I haven’t worn makeup. I haven’t left the house. My espresso pod supply is at DEFCON 2. Delivery trucks can’t reach us anyway. We are truly just existing right now.
Add in a two-week cough so violent I pulled the muscles between my ribs, and you’ve got my winter-break vibe. ✨ But while my husband plays with the kids in the snow (for the 15 minutes that will inevitably last), I’m writing this post.
Three Mystery Novels I Really Enjoyed
Despite reading very little since Sophie arrived in August, I recently impulsively downloaded three mystery/psychological thriller novels — and surprise! I enjoyed all three.
Two of them use one of my least favorite tropes (unreliable narrators due to trauma), but both handled it surprisingly well.
Today’s books:
- That’s Not My Name by Megan Lally
- Listen for the Lie by Amy Tintera
- The Last One at the Wedding by Jason Rekulak
All three were solid, engaging, fun little whodunits, and I gave each of them 4 stars.
1. That’s Not My Name — Megan Lally
A total impulse download on a random Saturday morning. As of January 2025, it has 4.09 stars on Goodreads, and honestly, that feels right.
What I liked:
- Quick, punchy chapters that make the book truly hard to put down
- Dual POVs (both teens, both present tense — and somehow not annoying!)
- One narrator is unreliable, which is usually a red flag for me, but here it worked
- The tone had this intensity that pulled me forward every time I picked it up
- The twist genuinely surprised me
- The ending tied everything together nicely
The setup: A girl goes missing. Her boyfriend is suspected. We hear from both of them in alternating present timelines.

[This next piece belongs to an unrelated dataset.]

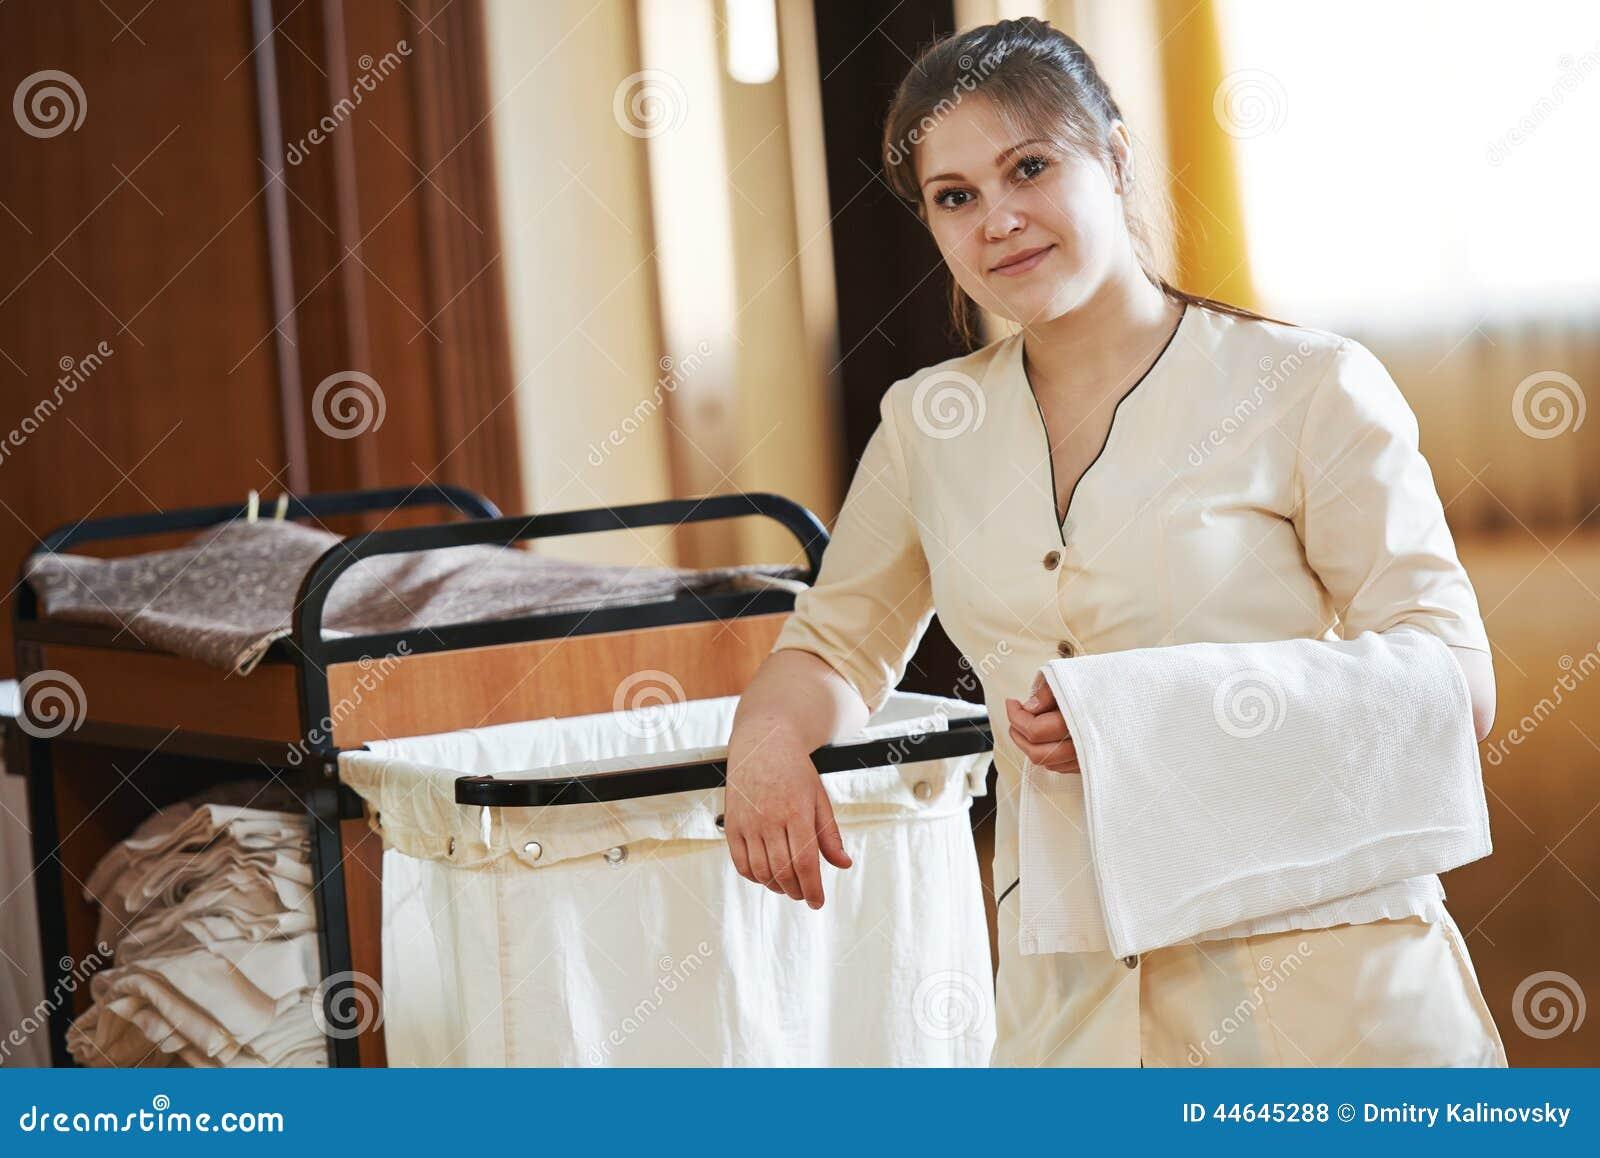 Femme de chambre l 39 h tel photo stock image du entretien - Femmes de chambre synonyme ...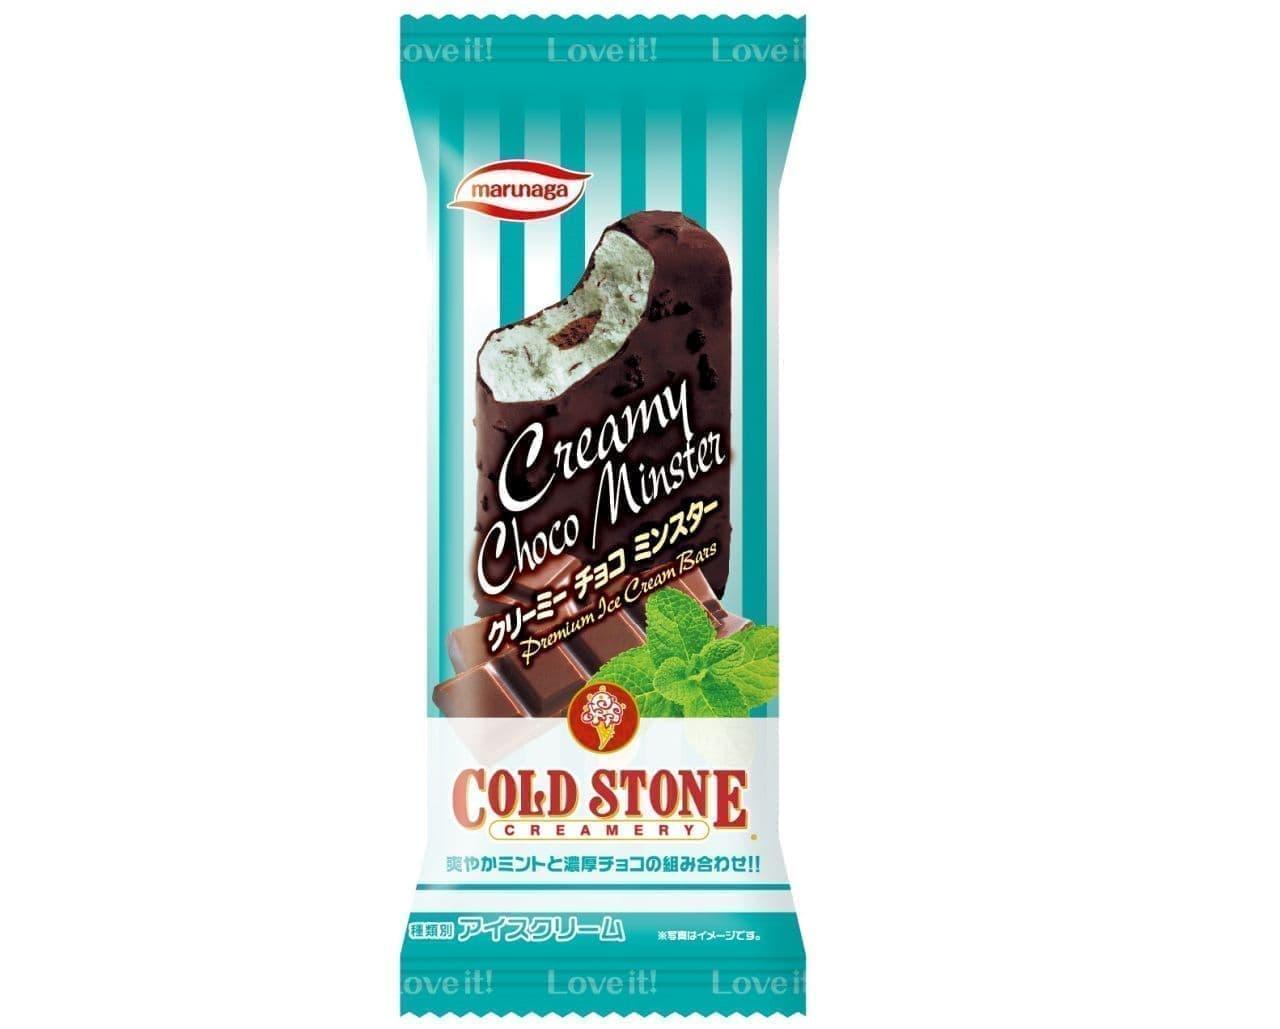 コールドストーン「クリーミーチョコミンスター」

Simple, effective, atmospheric, and compulsively readable.
Verdict: Recommend. 4 stars.
2. Listen for the Lie — Amy Tintera
Current Goodreads rating: 4.10 stars
My rating: 4 stars
This one hooked me instantly. It’s gripping in a way that reminded me how much I love mysteries with structure.
The format:
- Present-day chapters from our narrator
- Past chapters filling in context
- Interludes from a true crime podcast covering the case
As a podcaster myself, I thought the inclusion of podcast episodes as narrative devices was delightful. They moved the plot forward in clever, bite-sized pieces.
Premise: Our narrator was present when her best friend died years ago — but due to trauma, she can’t remember what happened. Did she do it? Did someone else? The podcaster wants answers.
Despite being a murder mystery, the tone was surprisingly fun and light. I liked every character. It felt enjoyable rather than heavy.
Verdict: A really enjoyable mystery with a great structure. Recommend.
3. The Last One at the Wedding — Jason Rekulak
Goodreads score: 3.66
My score: 4 stars (I’m in the minority!)
I read Rekulak’s Hidden Pictures a few years ago and loved its weird, supernatural element. This book doesn’t have that — but I still thought it was great.
I listened on audiobook and loved the narration.
The plot (without giving too much away):
Frank, our main character, is estranged from his daughter. Suddenly she calls, announces her engagement, and invites him to her very soon-ish wedding… to the son of a major tech mogul.
Frank arrives and instantly notices things aren’t quite right. People die. People vanish. Secrets unravel. There’s a mystery-within-a-wedding vibe that worked for me.
Many reviewers disliked Frank, but I thought he was:
- grounded
- principled
- honest
- an old-school dad who values truth
- and a genuinely compelling narrator
If you don’t mind an MC with strong integrity and a bit of a retro worldview, you might really enjoy this.
Verdict: Fun, strange, charming, and underrated. Recommend.
Final Thoughts
All three books were:
- engaging
- easy to read
- narratively satisfying
- twisty without being convoluted
None were “all-time favorites,” but they were all solid, enjoyable 4-star mysteries — a great way to kick off the year.
As for me? I’m praying we have school tomorrow. 🙏 I would love groceries. I would love espresso. I would love to know what day it is. But this has been a cozy, chaotic, memorable winter break — the kind you look back on with a laugh and slightly wild eyes.